第1章
“暖暖,撞死你妈妈的人......是季峰......”
“药典......你一定要......抢回来......”
云暖靠着医院冰冷的墙壁,泪流满面的等着办手续。耳畔一遍遍的回响着外婆的遗言,心痛得像要碎掉。
两年前云家破产,所有家当都拿去抵债。
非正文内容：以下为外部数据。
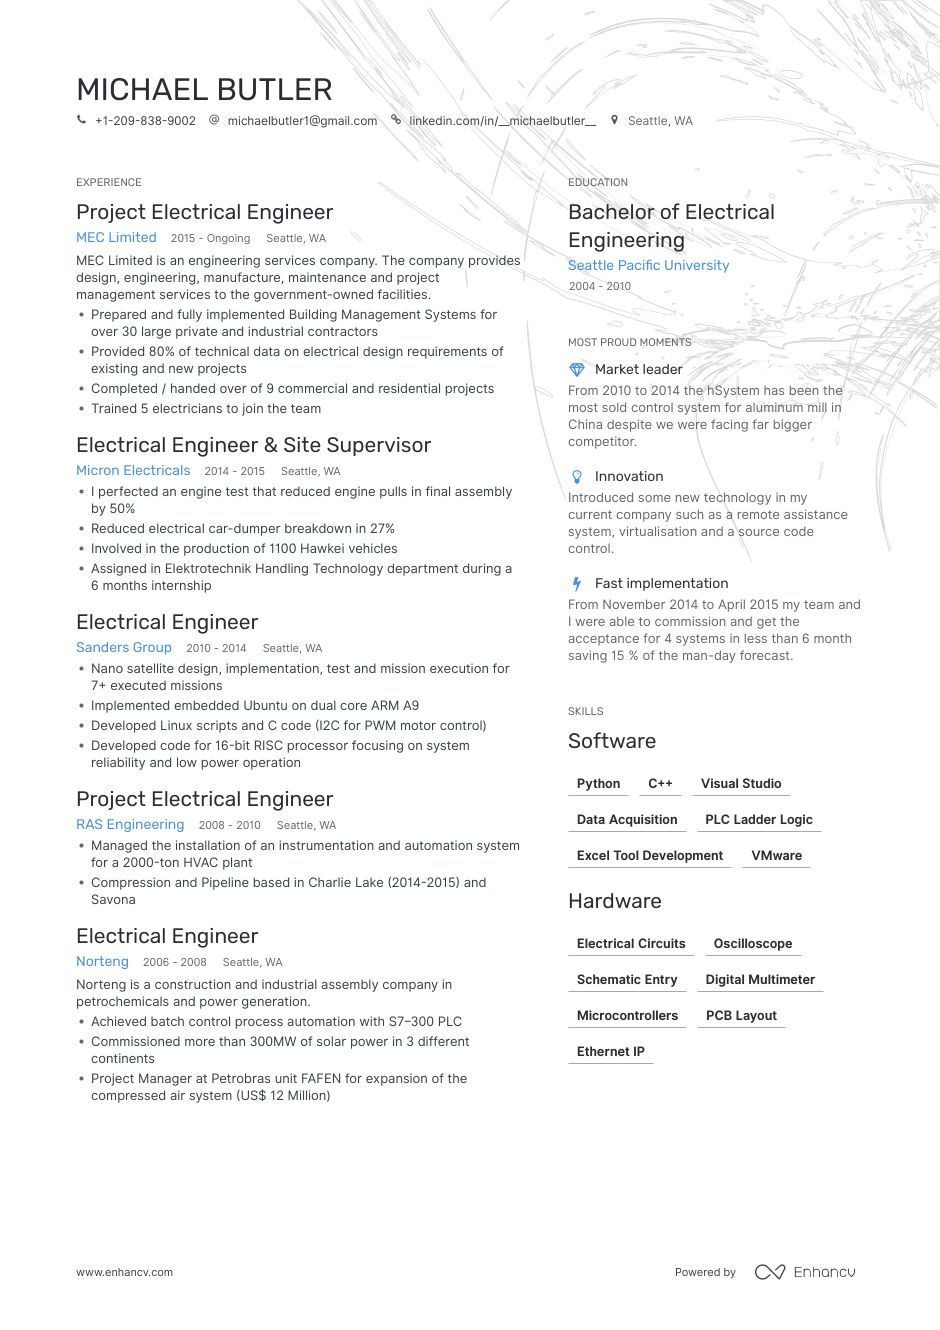 Resume Sample for Entry Level Electrical Engineer 13 Electrical Engineering Resume Example & Guide for 2019 Resume …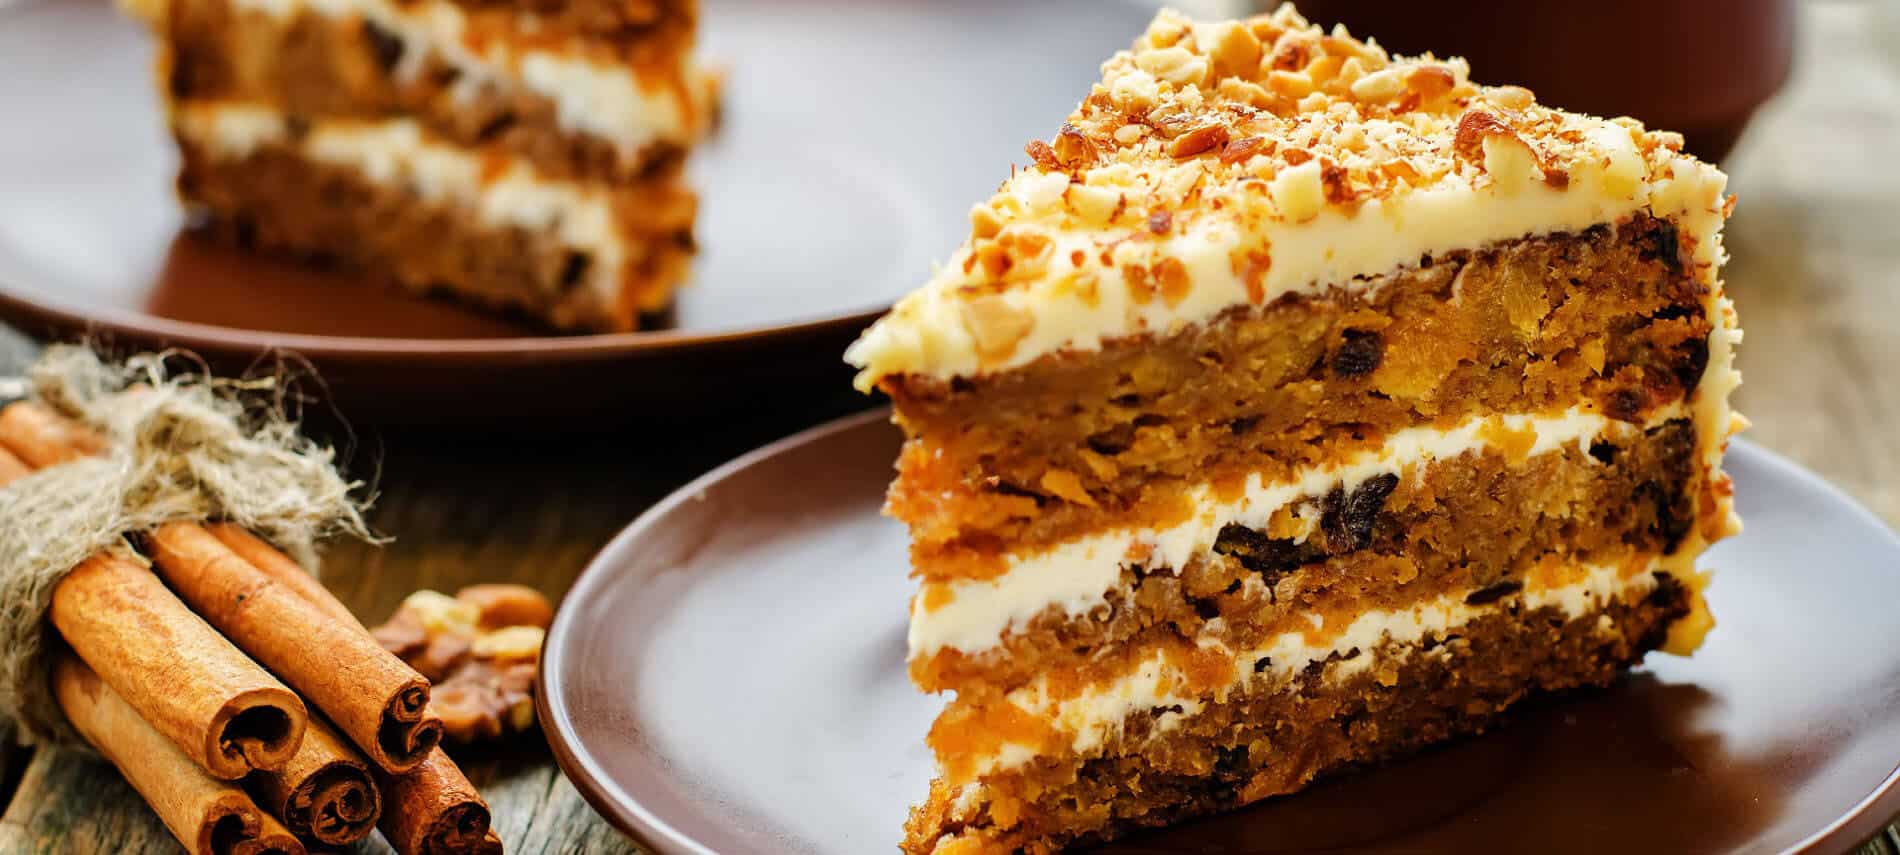 Layeres of Carrot Cake with Cream Cheese Frosting, sprinkled with Chopped Nuts

父亲承受不了事业失败的打击喝农药自杀,母亲在送父亲去医院的路上遭遇车祸,当场死亡。父亲因为延误抢救也死了。
一夜之间,她失去了父母双亲。
坐在后排的外婆侥幸捡回一条命,却变成了植物人。在医院躺了两年,今天也彻底离开她了。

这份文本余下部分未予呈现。